● **DIRECTIONS FOR THIS TASK**: Transcribe word for word the section of the records below that opens with the line containing "Stardew Valley Miner" and closes with the line containing "5 English Sheraton"; drop every picture.

● **MATERIAL FOR THIS TASK**:
=-=-=-=-=
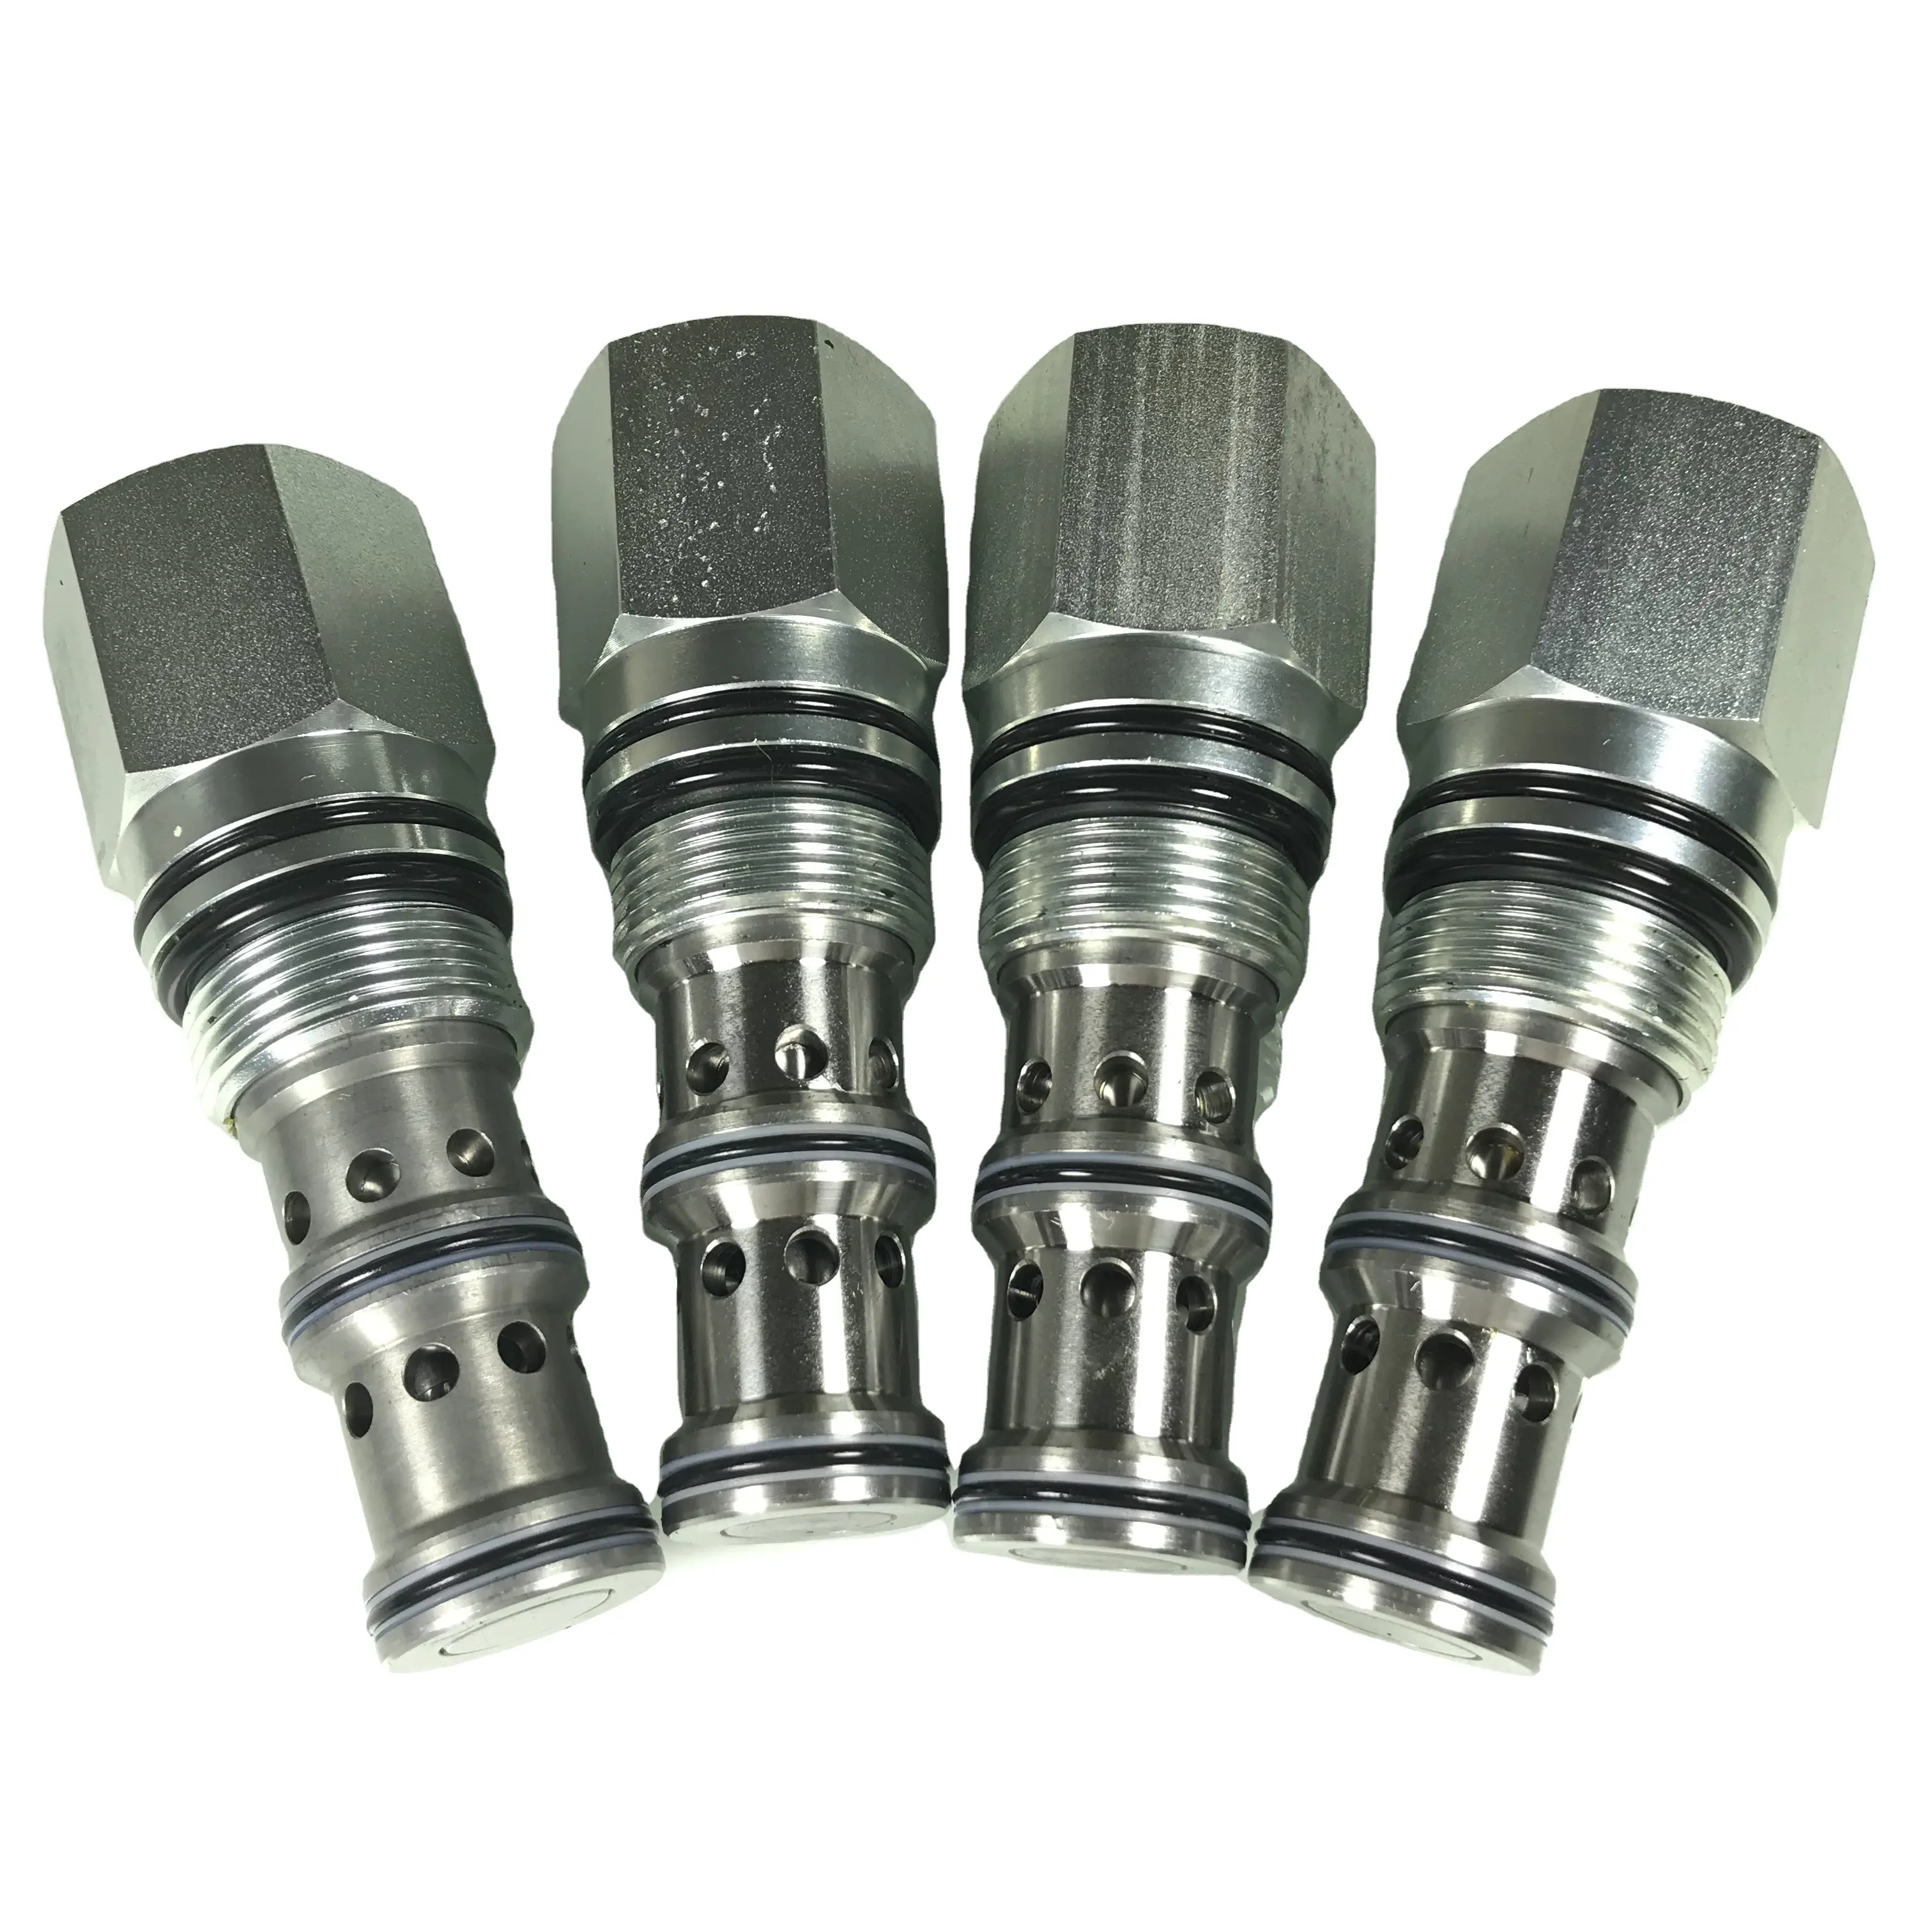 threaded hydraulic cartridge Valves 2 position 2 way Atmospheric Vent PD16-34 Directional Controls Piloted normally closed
=-=-=-=-=
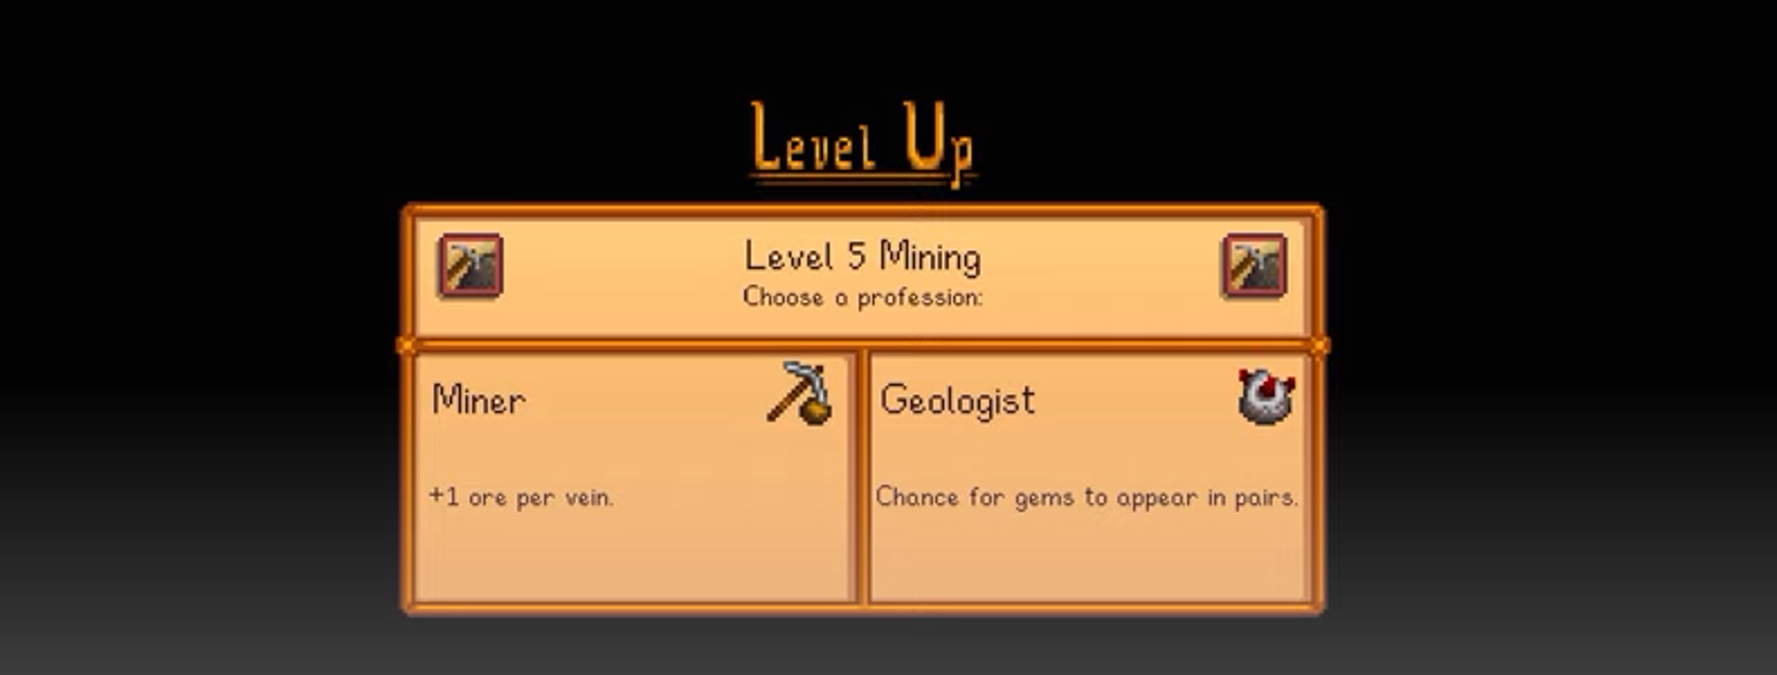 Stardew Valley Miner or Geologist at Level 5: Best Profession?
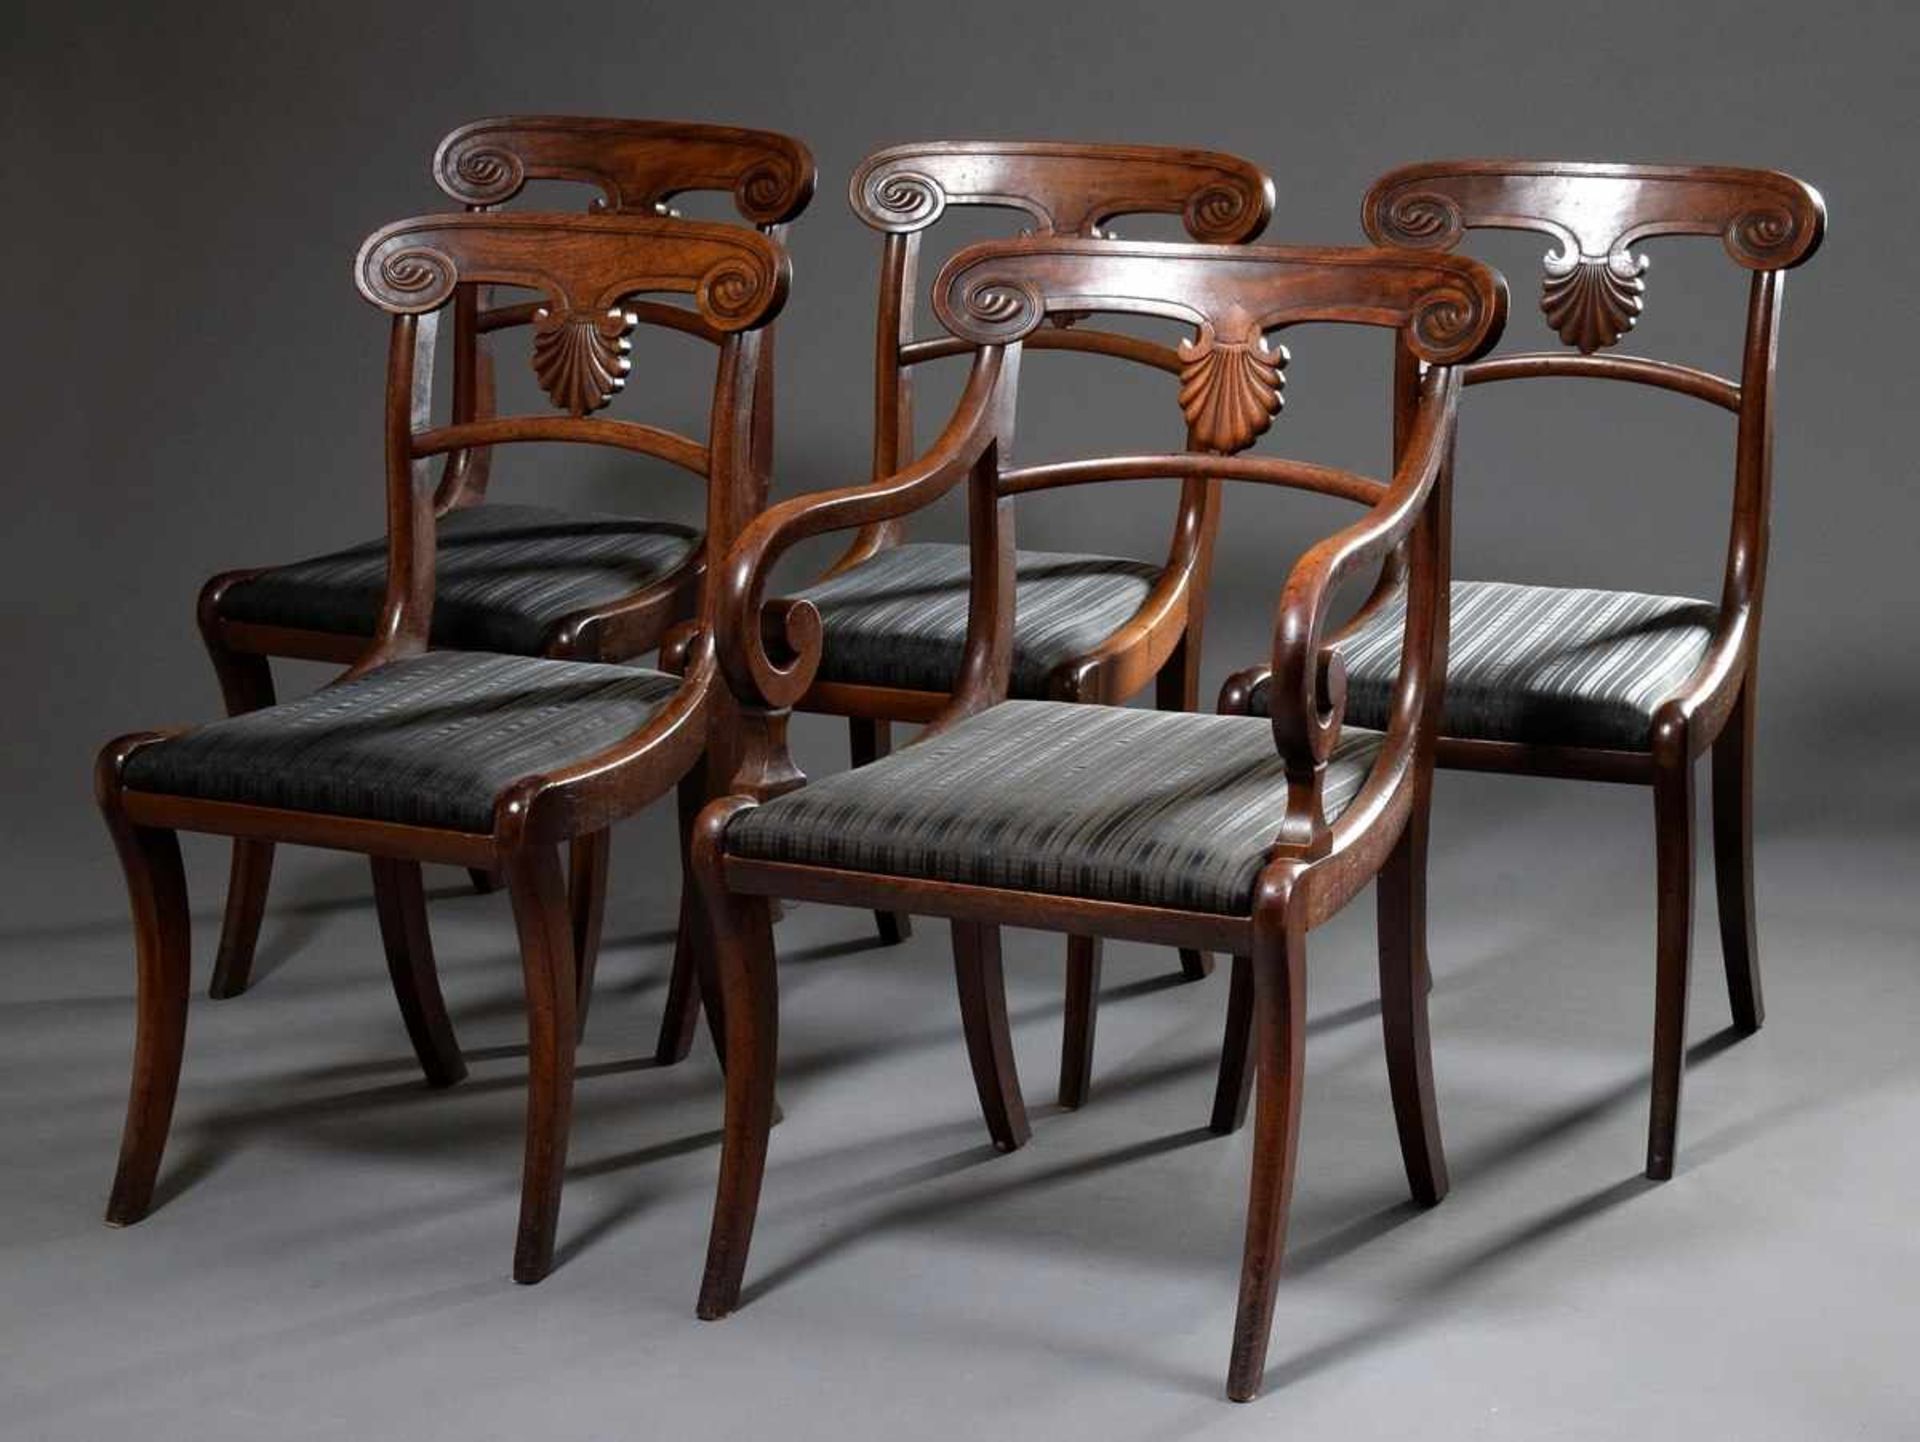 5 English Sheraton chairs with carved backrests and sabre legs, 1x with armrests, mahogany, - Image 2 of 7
=-=-=-=-=
● **TASK RESPONSE**:
 Stardew Valley Miner or Geologist at Level 5: Best Profession?
 5 English Sheraton chairs with carved backrests and sabre legs, 1x with armrests, mahogany, - Image 2 of 7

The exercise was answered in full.